(EXERCISE)
Drop the pictures from the entries below, then reproduce the rest exactly.

── SOURCE DATA ──

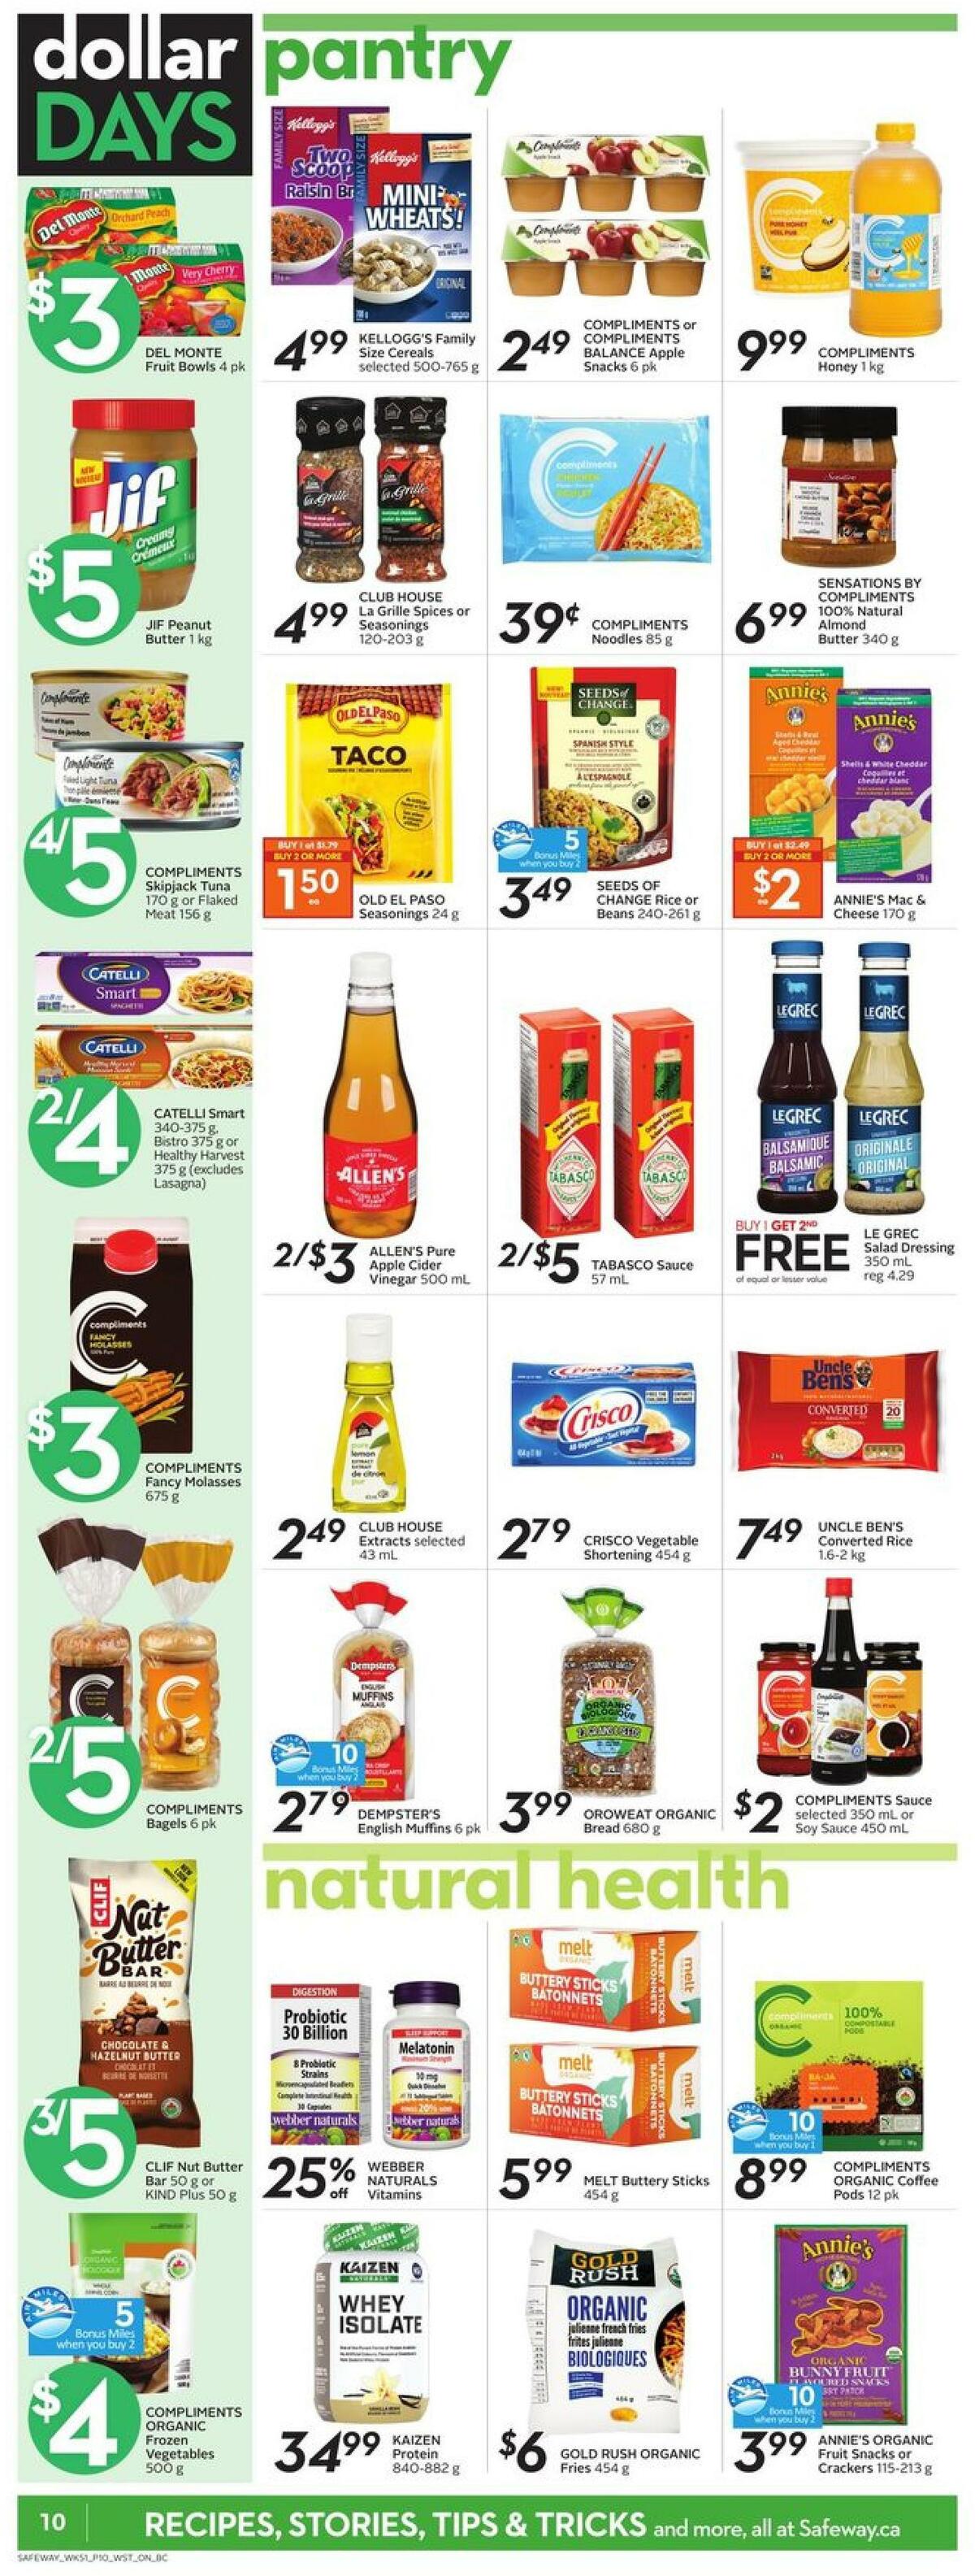 Safeway Flyer from April 15
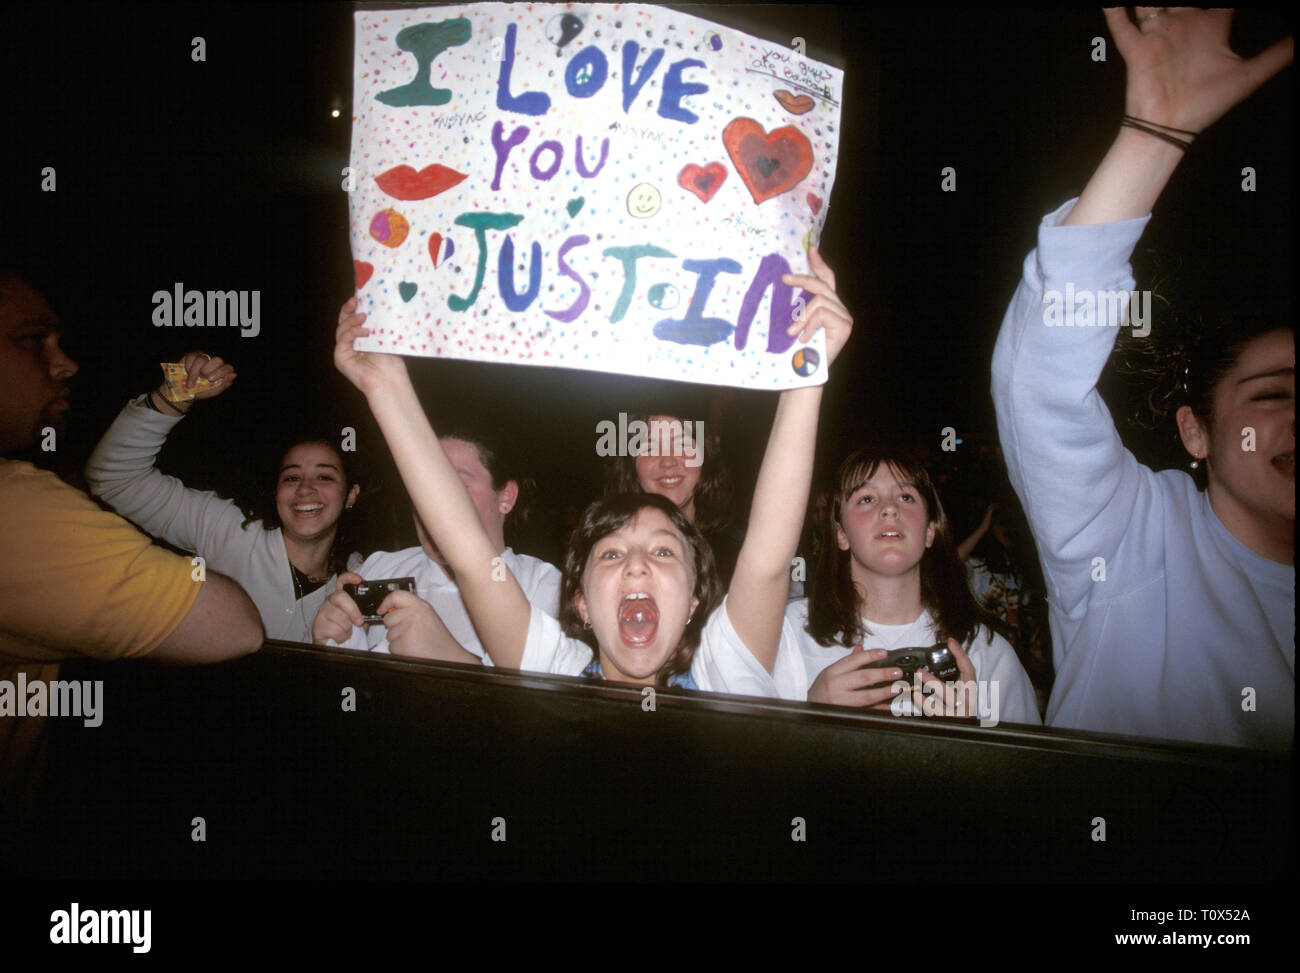 A front row fan shows her interest in Justin Timberlake during a 'live'  concert performance. Stock Photo
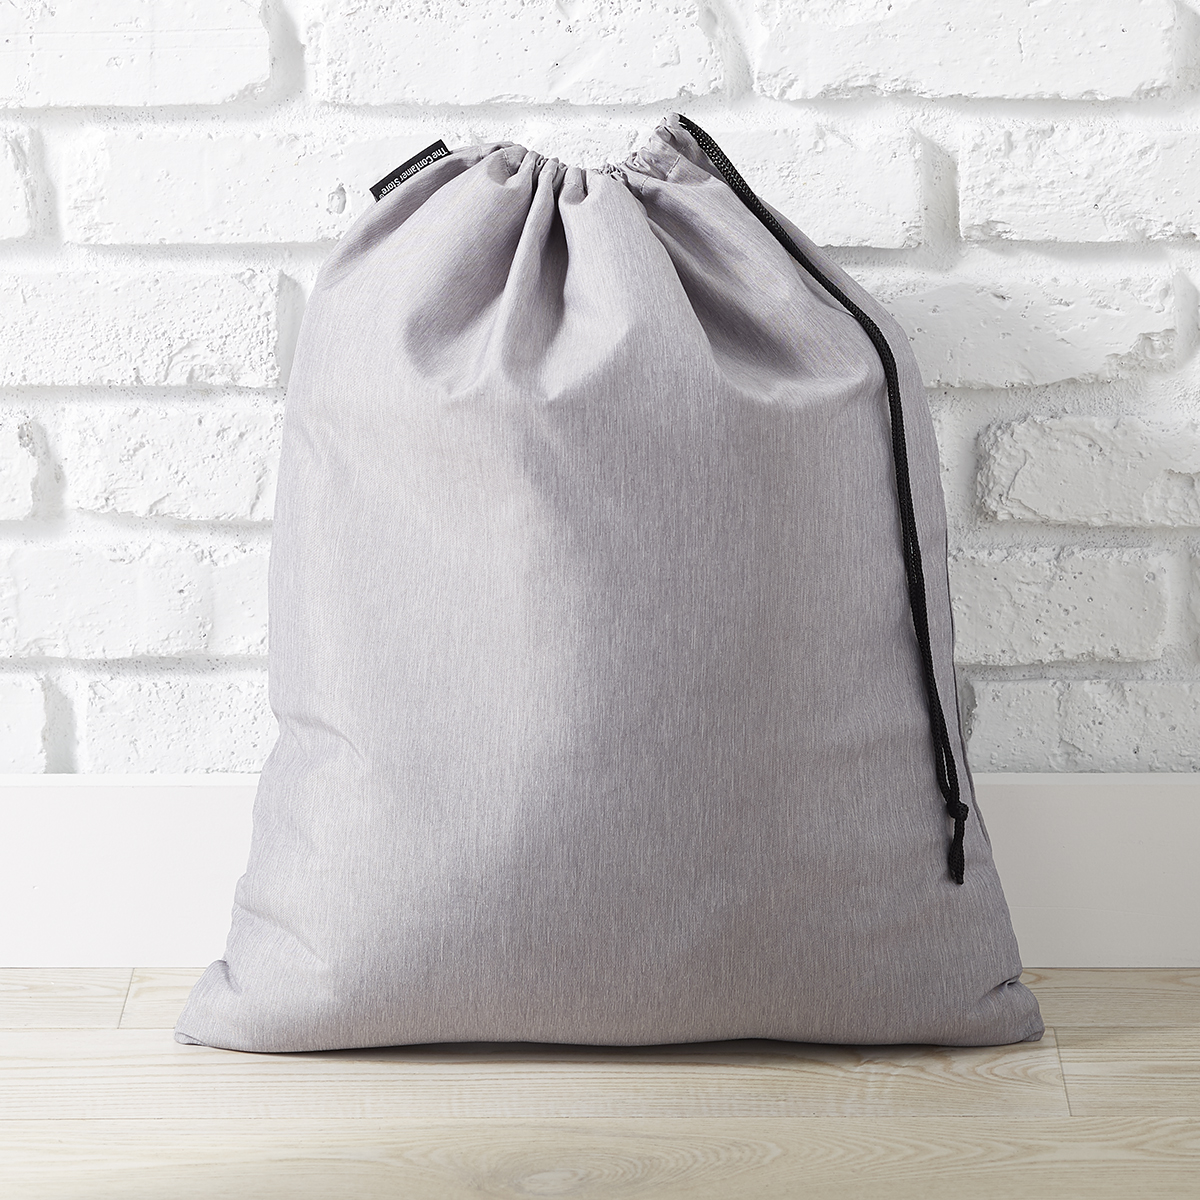 https://www.containerstore.com/catalogimages/391347/10081008-travel-laundry-bag-grey-PVL.jpg
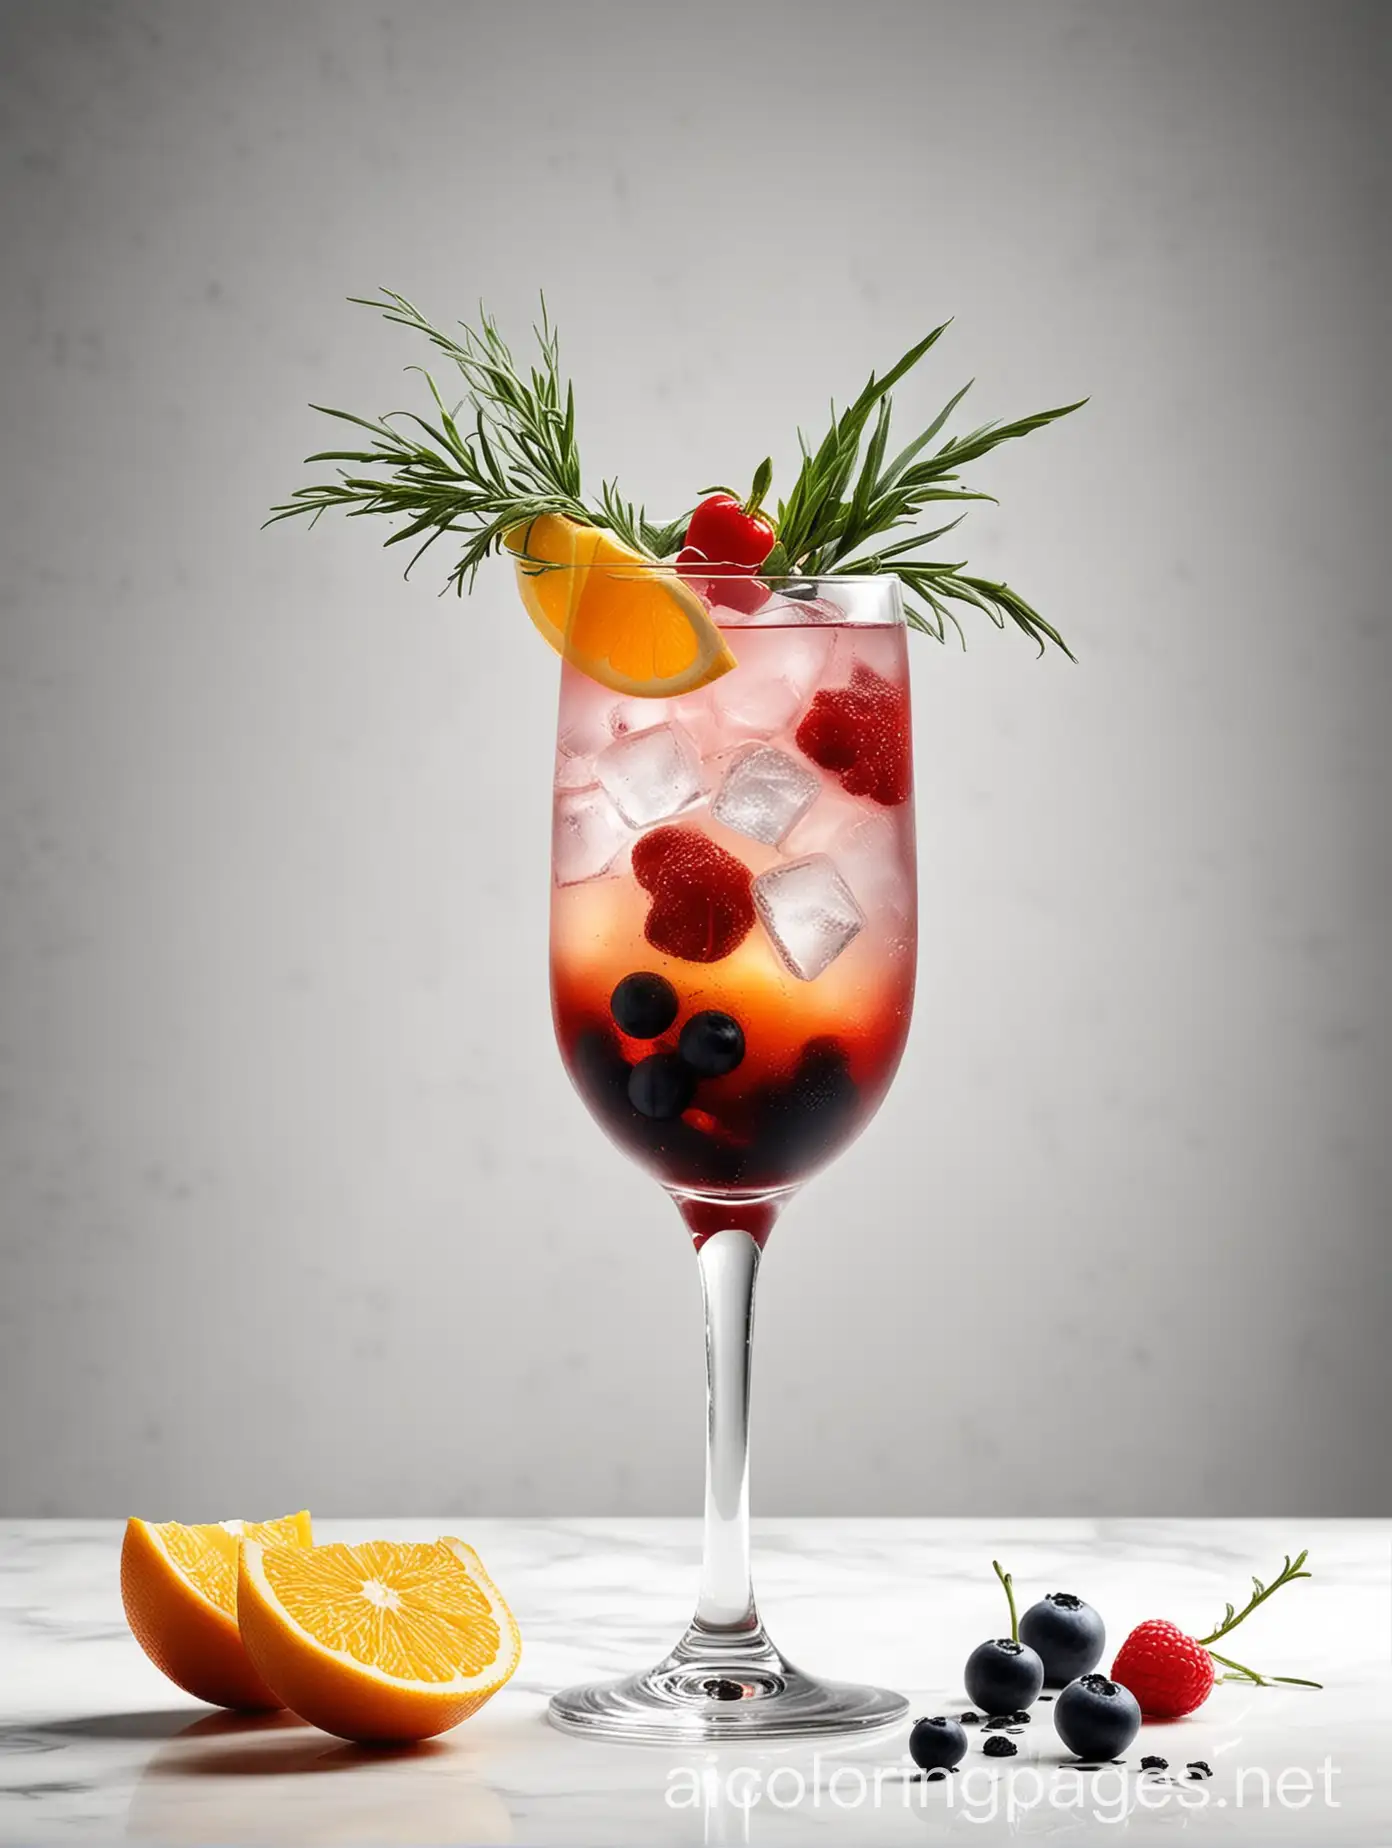 Create a visually stunning image that captures the artistry of mixology. Display a mesmerizing cocktail presentation with vibrant colors, meticulously crafted garnishes, and an ambiance that exudes sophistication. This image should inspire viewers to appreciate the creativity and craftsmanship behind mixology, Coloring Page, black and white, line art, white background, Simplicity, Ample White Space.
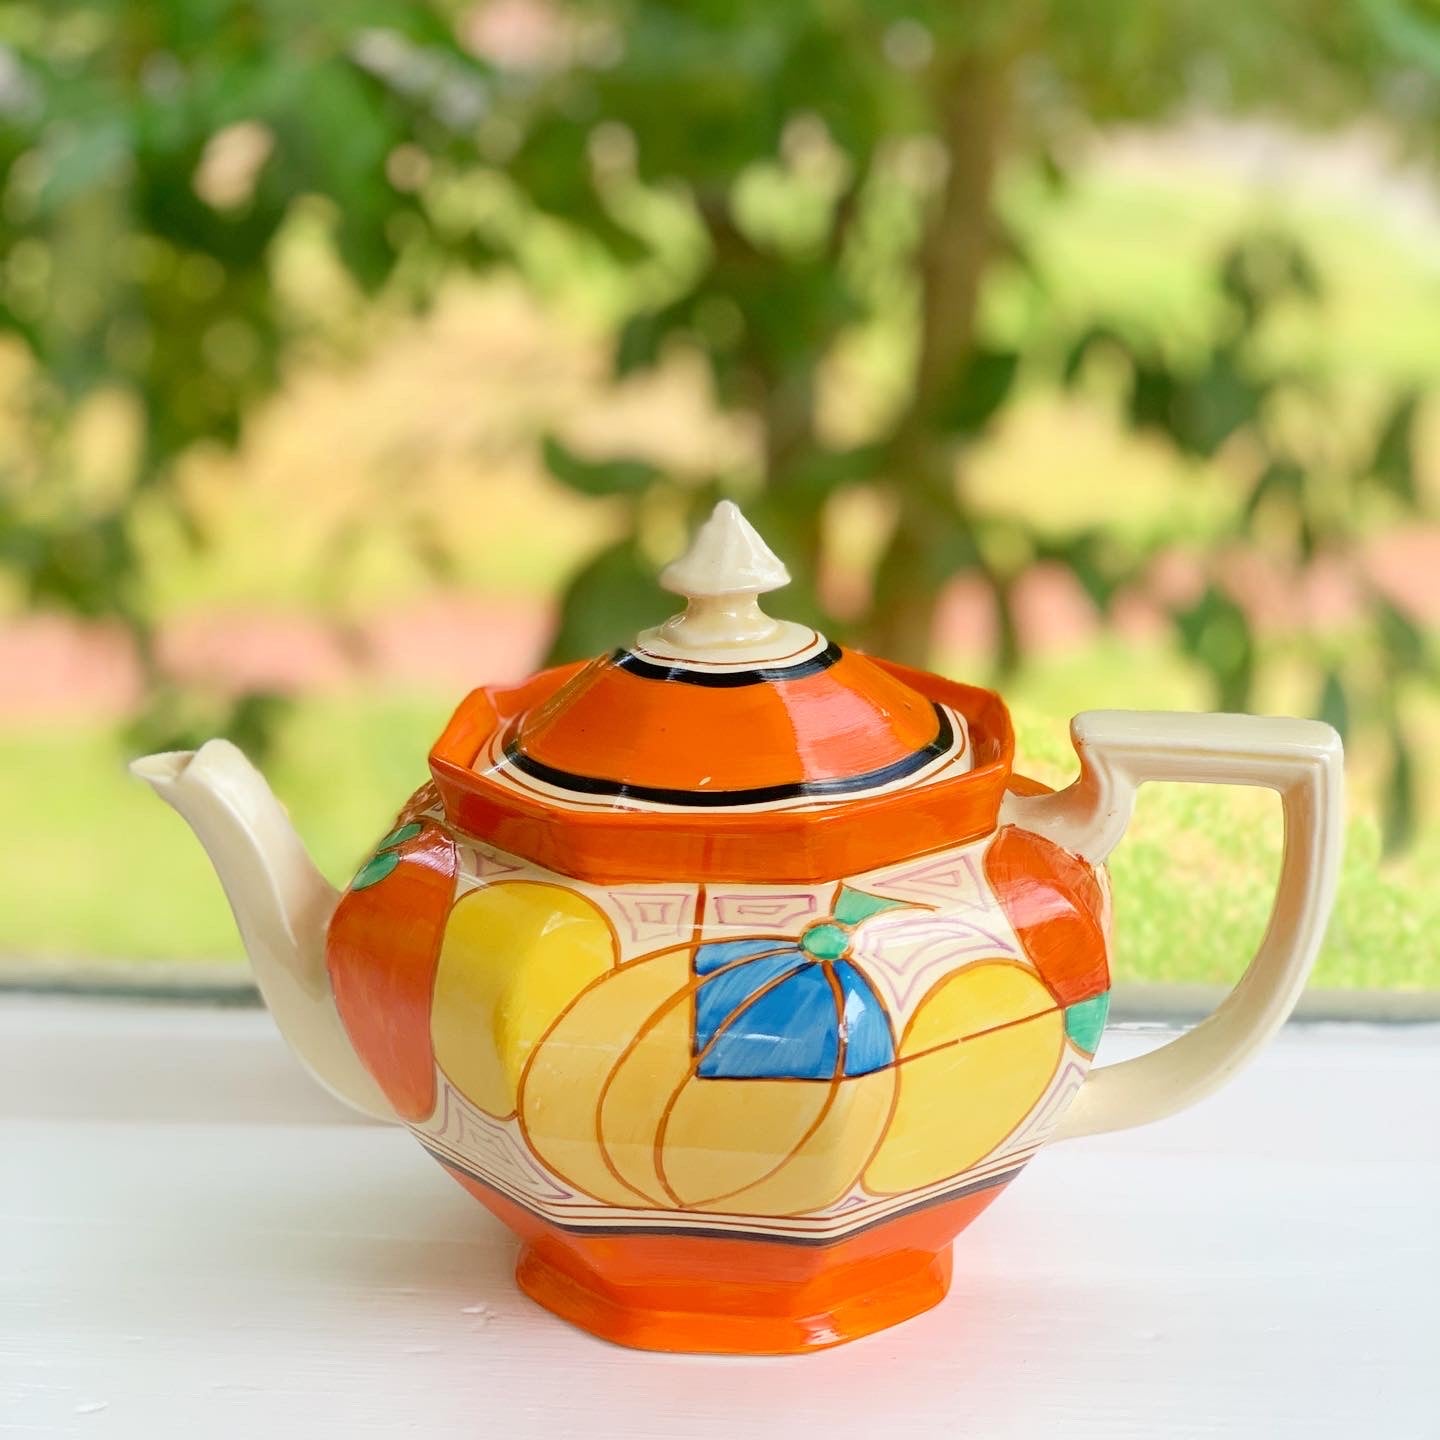 Picasso Melon Athens-Shaped Teapot by Clarice Cliff

───

(ANSWER SPACE)
 Safeway Flyer from April 15
 A front row fan shows her interest in Justin Timberlake during a 'live'  concert performance. Stock Photo
 https://www.containerstore.com/catalogimages/391347/10081008-travel-laundry-bag-grey-PVL.jpg
 Create a visually stunning image that captures the artistry of mixology. Display a mesmerizing cocktail presentation with vibrant colors, meticulously crafted garnishes, and an ambiance that exudes sophistication. This image should inspire viewers to appreciate the creativity and craftsmanship behind mixology, Coloring Page, black and white, line art, white background, Simplicity, Ample White Space.
 Picasso Melon Athens-Shaped Teapot by Clarice Cliff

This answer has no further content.